I know there can’t be a one-size-fits-all answer to this, but I am looking for the general principle.
Here’s some information about my project:
I am creating a fine-tuned model for a specific scenario, the “system” message for all the training examples is the same, for every “assistant” message, I have 3 different ways the “user” can ask it, so this 3x’d my fine-tuning dataset.
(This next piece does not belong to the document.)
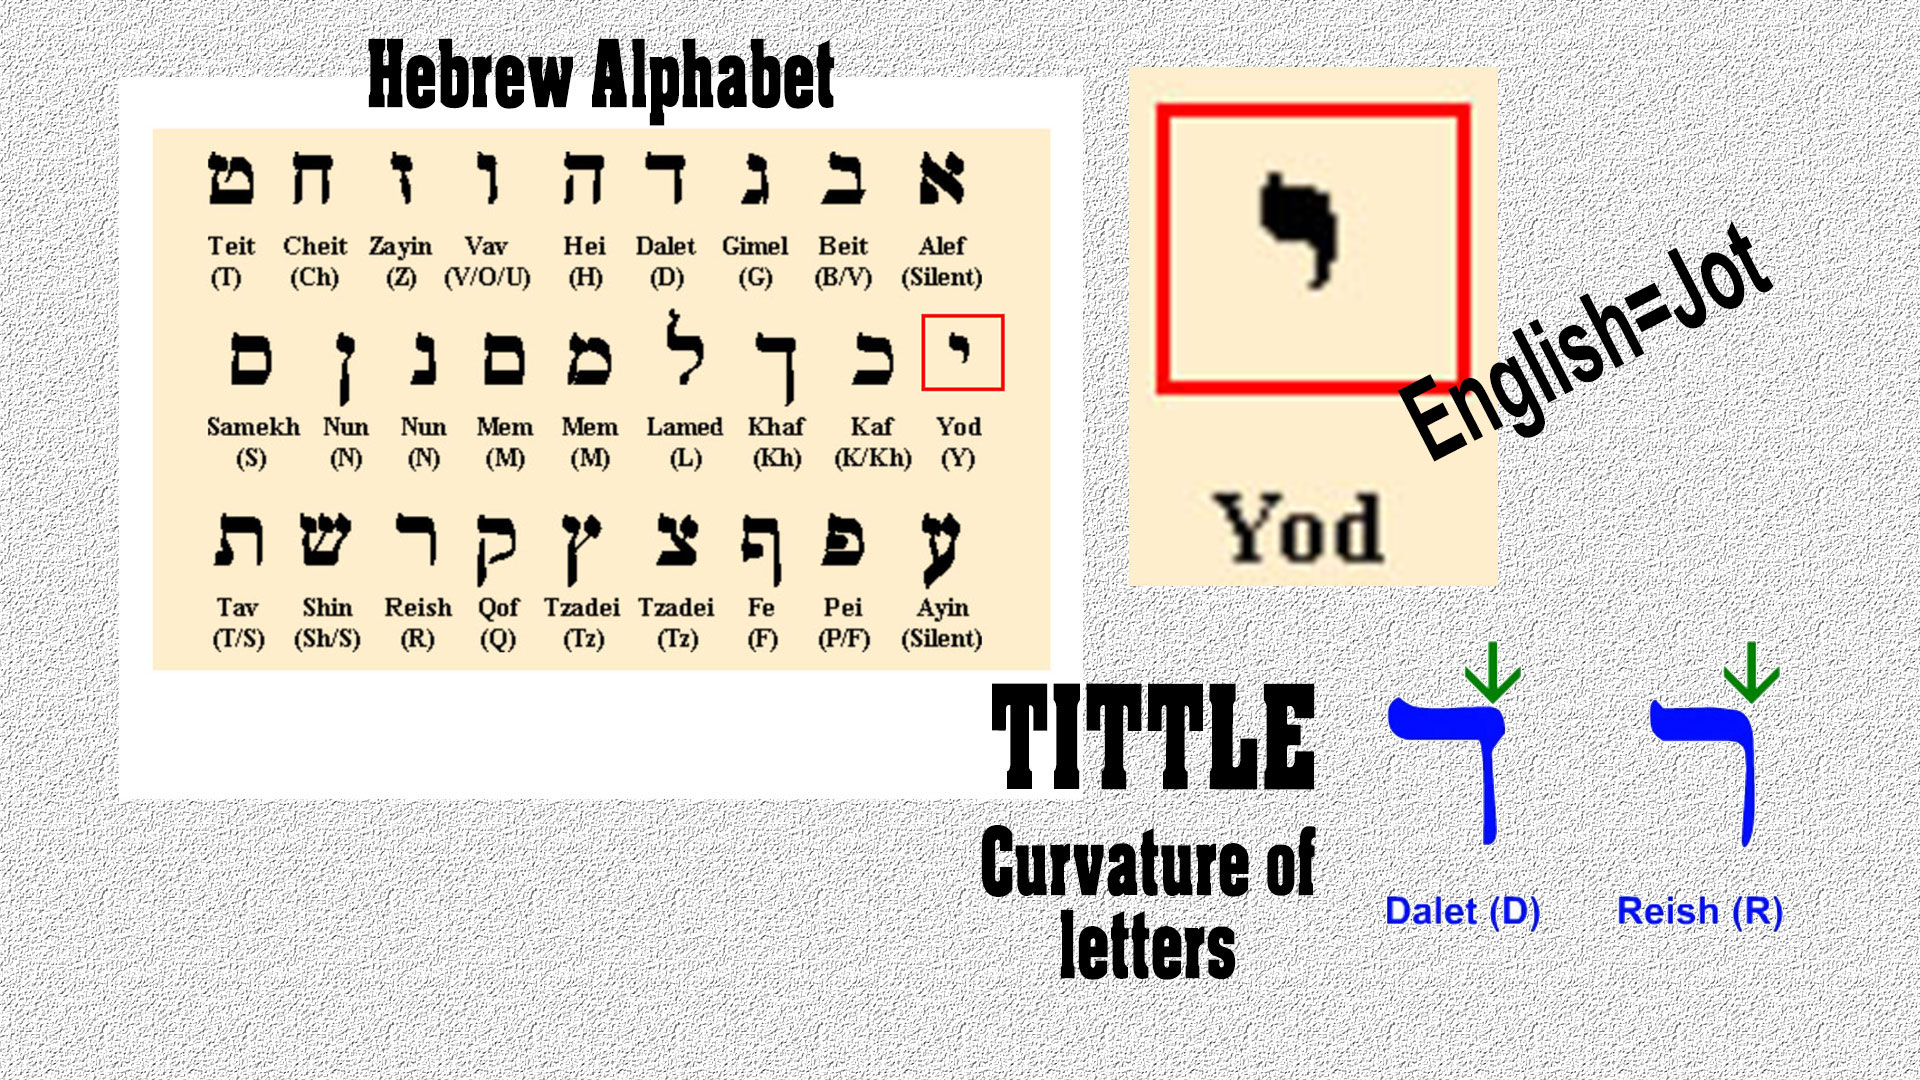 Image of Hebrew alphabet showing jot (smallest letter) and tittle (details to create letters in Hebrew language.)
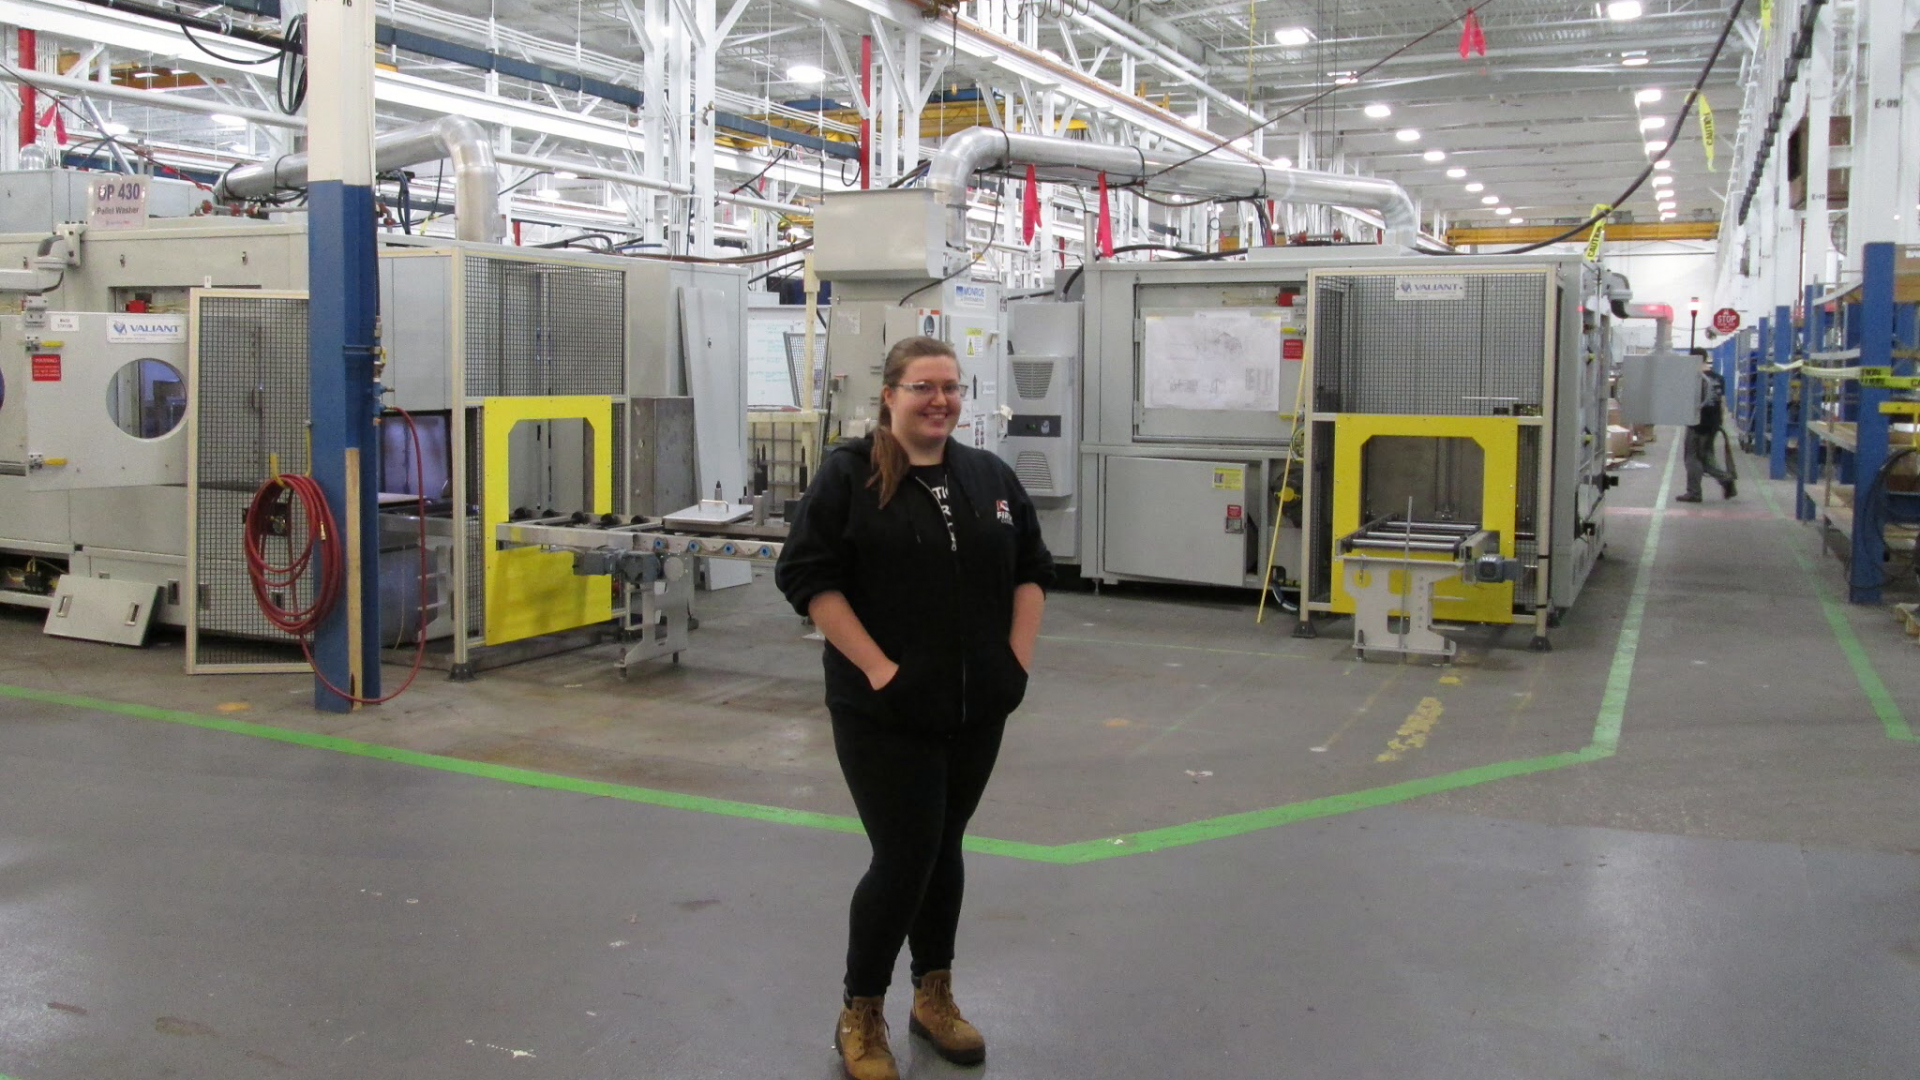 Woman posing inside manufacturing facility

As it stands, I have ~2500 examples in my fine-tuning dataset. I am going to use the gpt-3.5-turbo-1106 model initially, but I may try gpt-4-1106-preview later for the same dataset.
Typically 5%-20% of your dataset is retained for evaluation, although there is an argument to be had that just a few can be used externally for validation by a human and you will get a better training run with your remaining eval dataset used as training data…
Thanks for the response. Is there any documentation on how the validation set is used with the fine-tuning API?
My experience of it is with simple classification tasks where there is only one correct answer, but in this case, the generated outputs might still be good even if they did not match the data in my validation set exactly.
You could always fine tune twice, first using validation data to find ideal number of epochs and what not, then once done, train a second time but this time include the validation data.
If doing so, be aware that OpenAI automatically sets the training weight based on the input file size, even if you are continuing by specifying an existing model.
If your hold-out set is 20%, you may want to manually set the multiplier hyperparameter to 0.2, and use a low epoch count of just 1 or 2, so that the newest training doesn’t dominate.